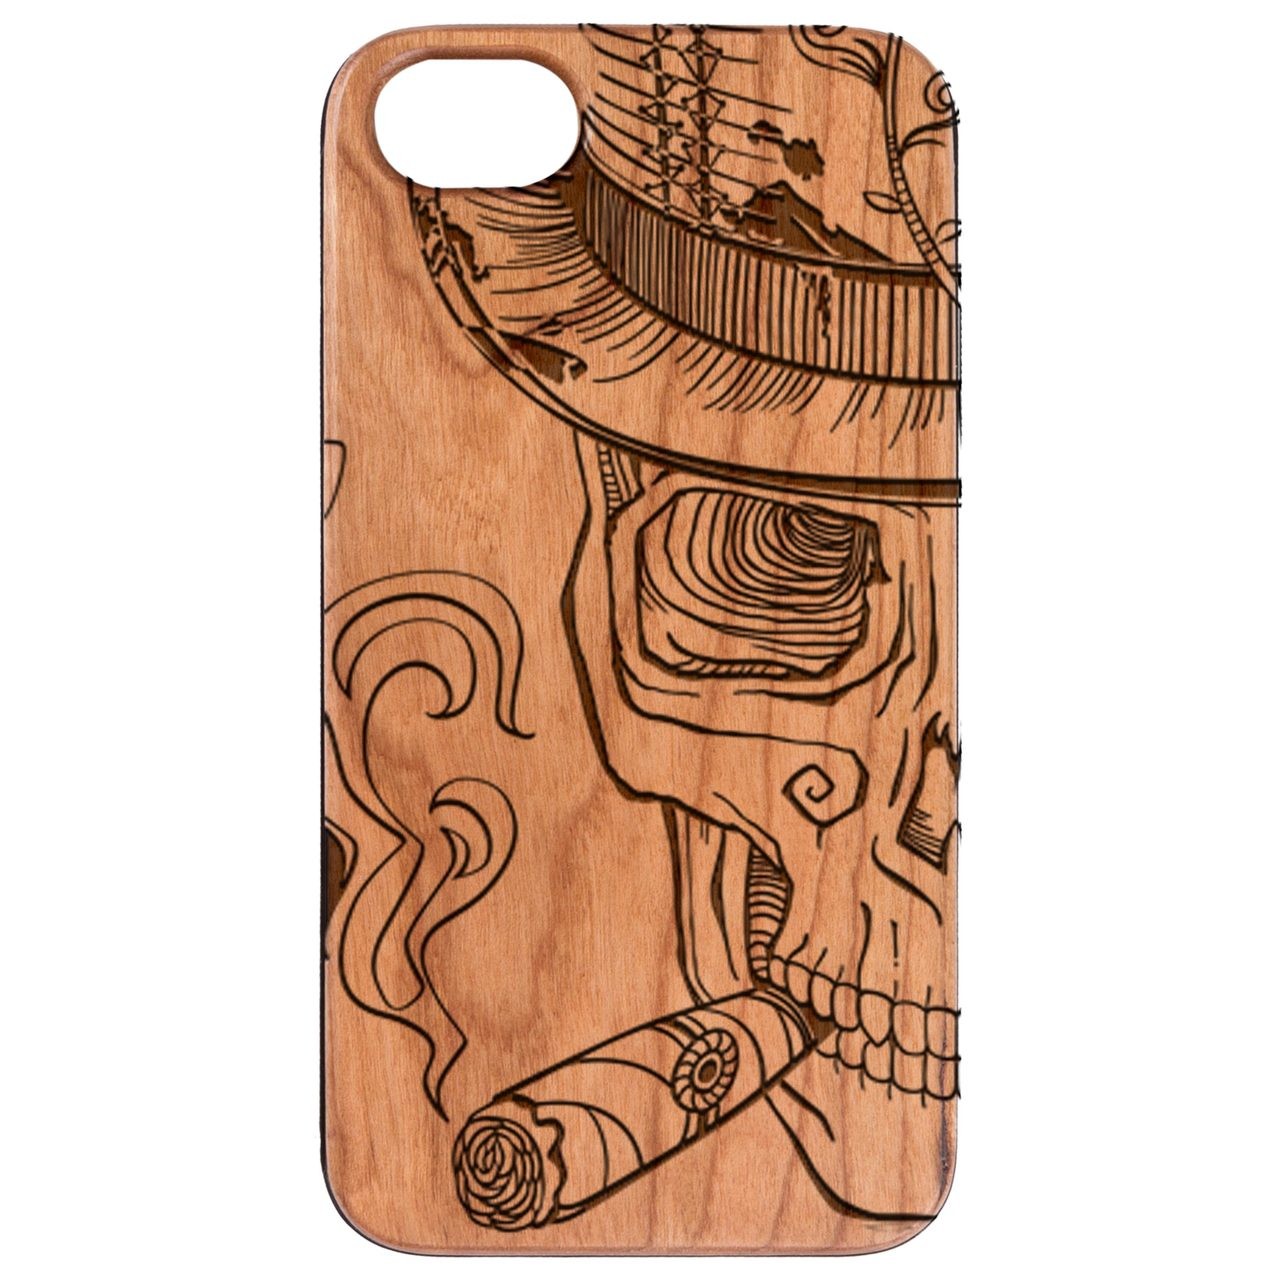  Smoking Skull - Engraved - Wooden Phone Case - IPhone 13 Models
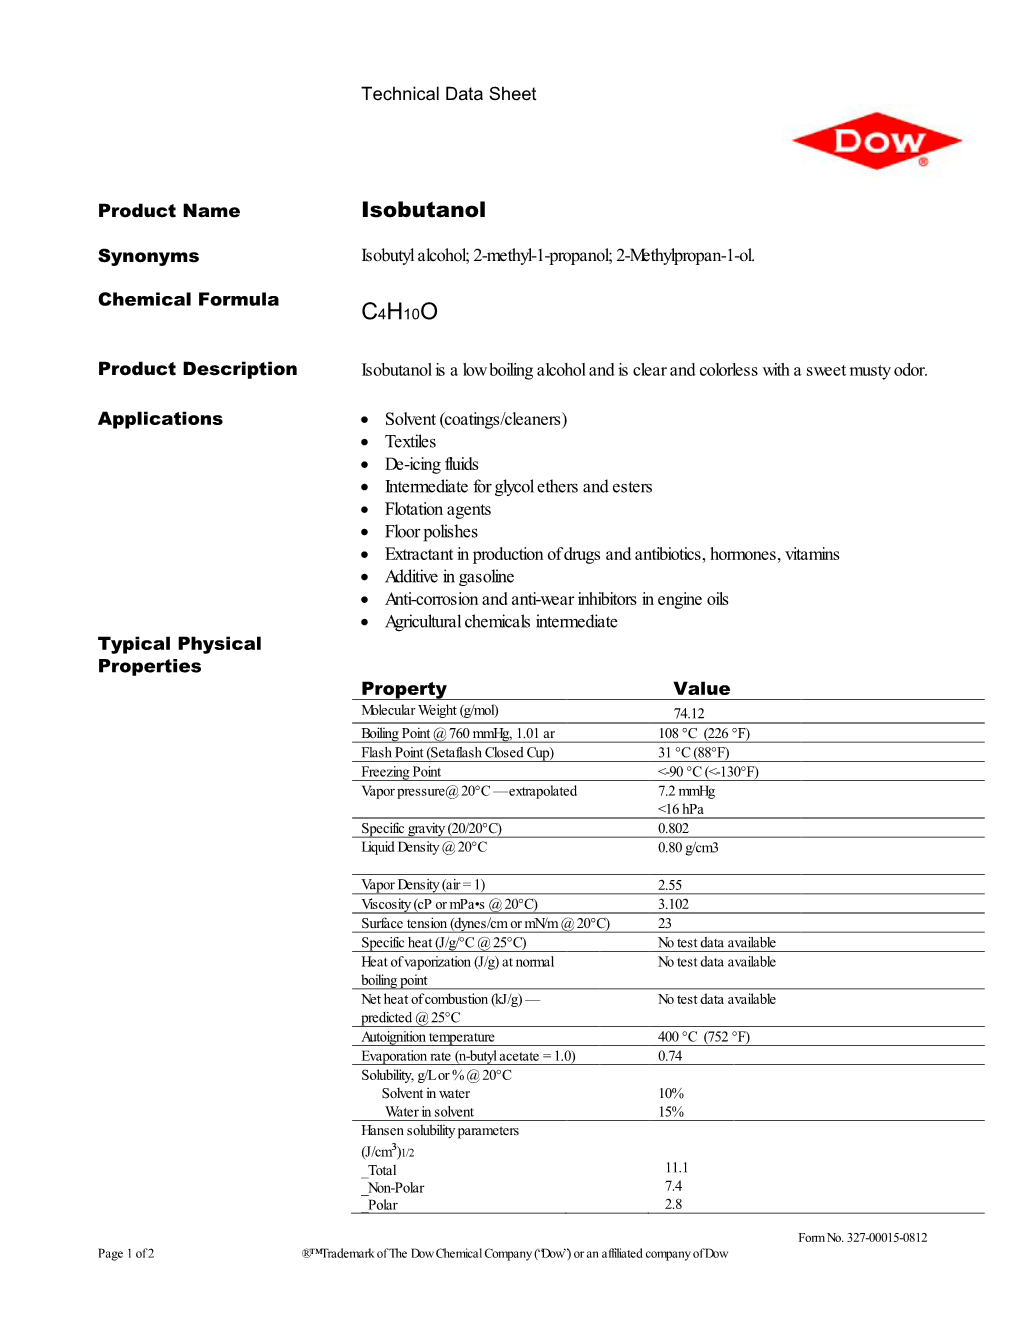 Isobutanol Technical Data Sheet
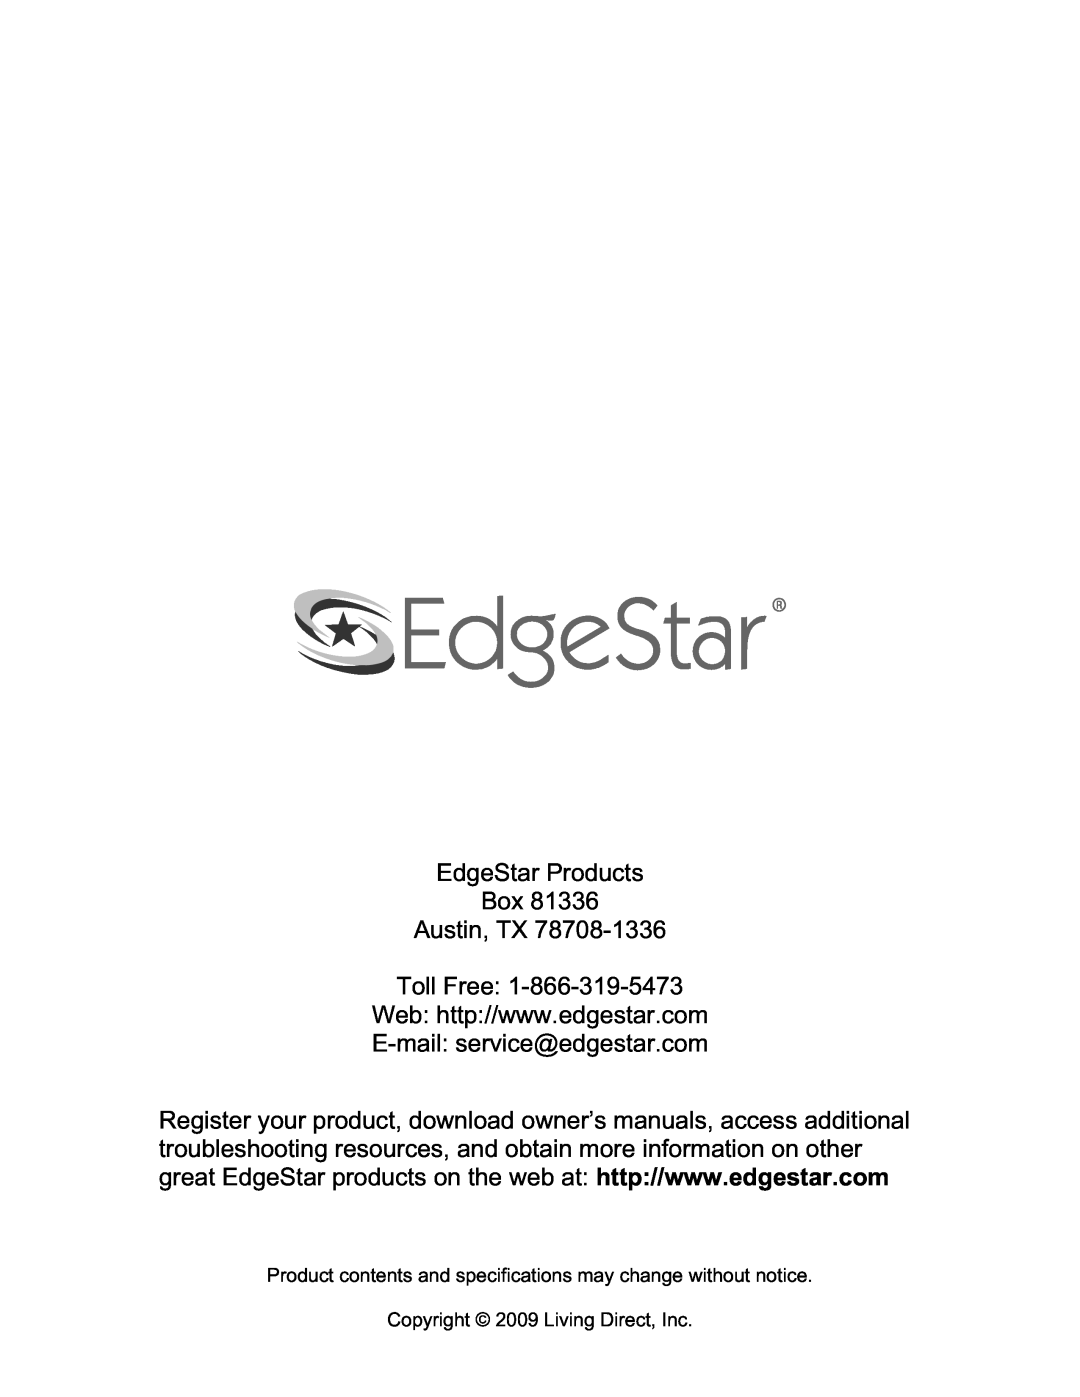 EdgeStar EAC211TS manual EdgeStar Products Box Austin, TX Toll Free, Copyright 2009 Living Direct, Inc

**********

Task to complete — Give the listing again in full, exactly as it is, but without its images.

Solved exercise —
  Smoking Skull - Engraved - Wooden Phone Case - IPhone 13 Models
 Isobutanol Technical Data Sheet
 EdgeStar EAC211TS manual EdgeStar Products Box Austin, TX Toll Free, Copyright 2009 Living Direct, Inc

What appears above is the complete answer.